I look forward to the moment in heaven when my sister comes to wrap her arms around  me.  The moment that I get to hold her in my arms will be worth every bit of sacrifice.
I am not telling you this to impress you with my righteousness or my giving  I know that rather, I will most likely get criticized for it y some people.  And that is okay...I am at rest before my God knowing that I have done what he has called me to do.  And I know that on the other side of the world is a family who maybe would not be here now had God not called me to help them.  That - and the Lord's smile- are my reward.
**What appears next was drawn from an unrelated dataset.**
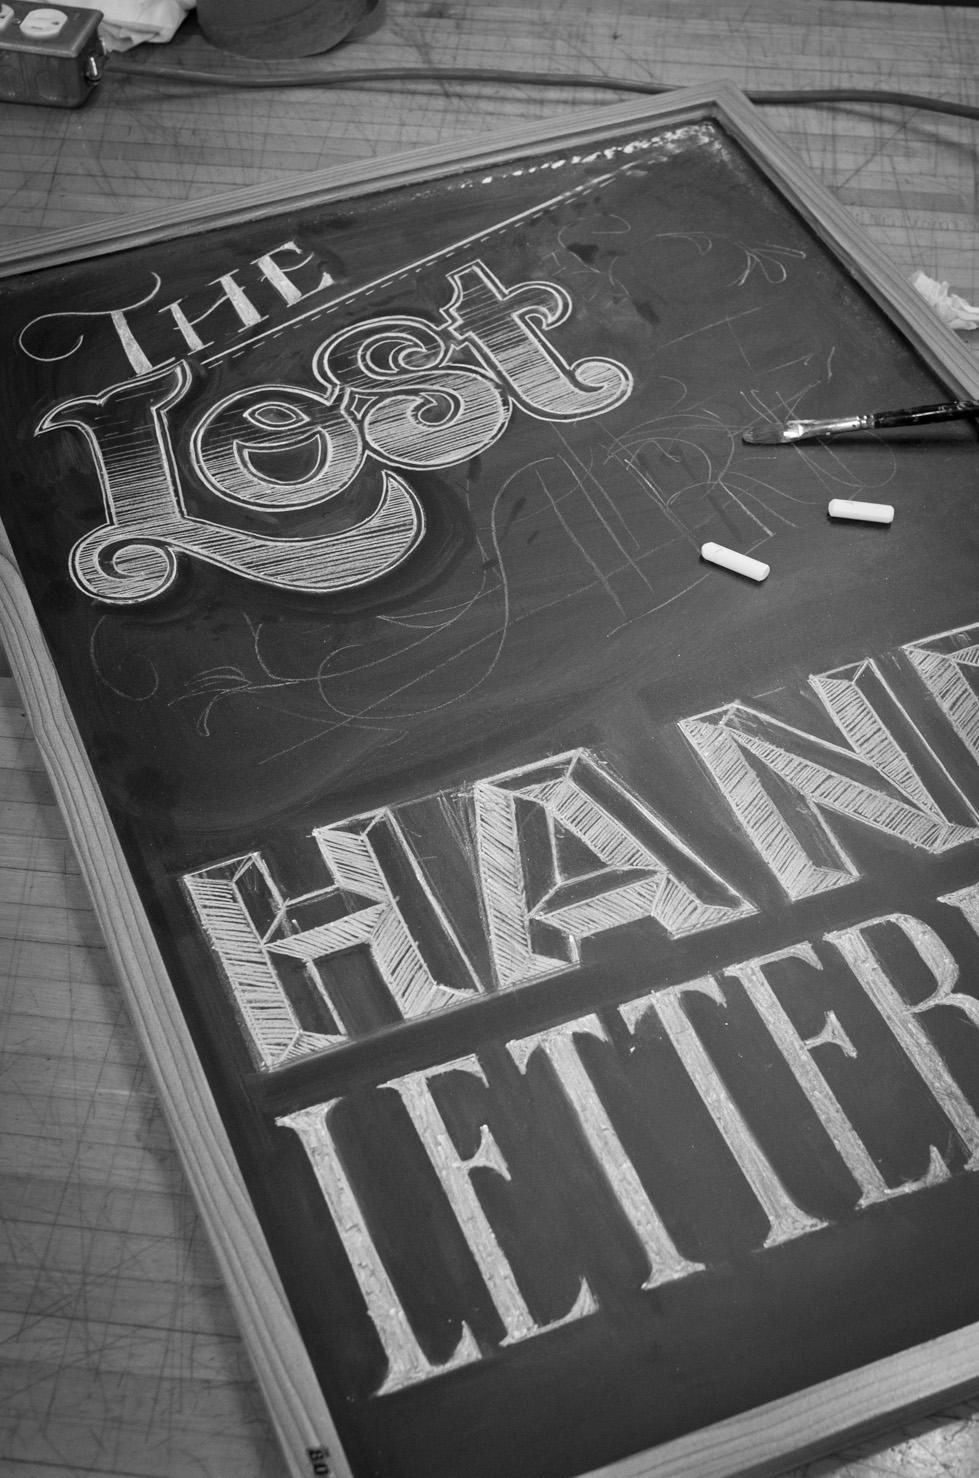 Chalk Lettering Chalkboard brick lettering chalk Signage vintage lost art rustic hand crafted ornate hatched dusty Script

: http://wp.me/PewoB-SN  - Go to this link to add your own story to the Synchroblog for the new book: Hazardous. (see yesterday's post for more explanation.)

2 comments:

ed cyzewski said...

Thanks so much for sharing this story. What a leap of faith! It's amazing how God connects his family together and provides for each one.

Cynthia Lott Vogel said...

Thanks Ed for reading and commenting. I had major hesitation in sharing this story lest it be thought I'm looking for Kudos or acclaim for my "generosity". It is not generosity that compels me to give; it is the knowledge that, if I don't --this family would likely die and the very real sense that God has given them to me to love and care for---just as others have loved and cared for me.
I look forward to reading your book.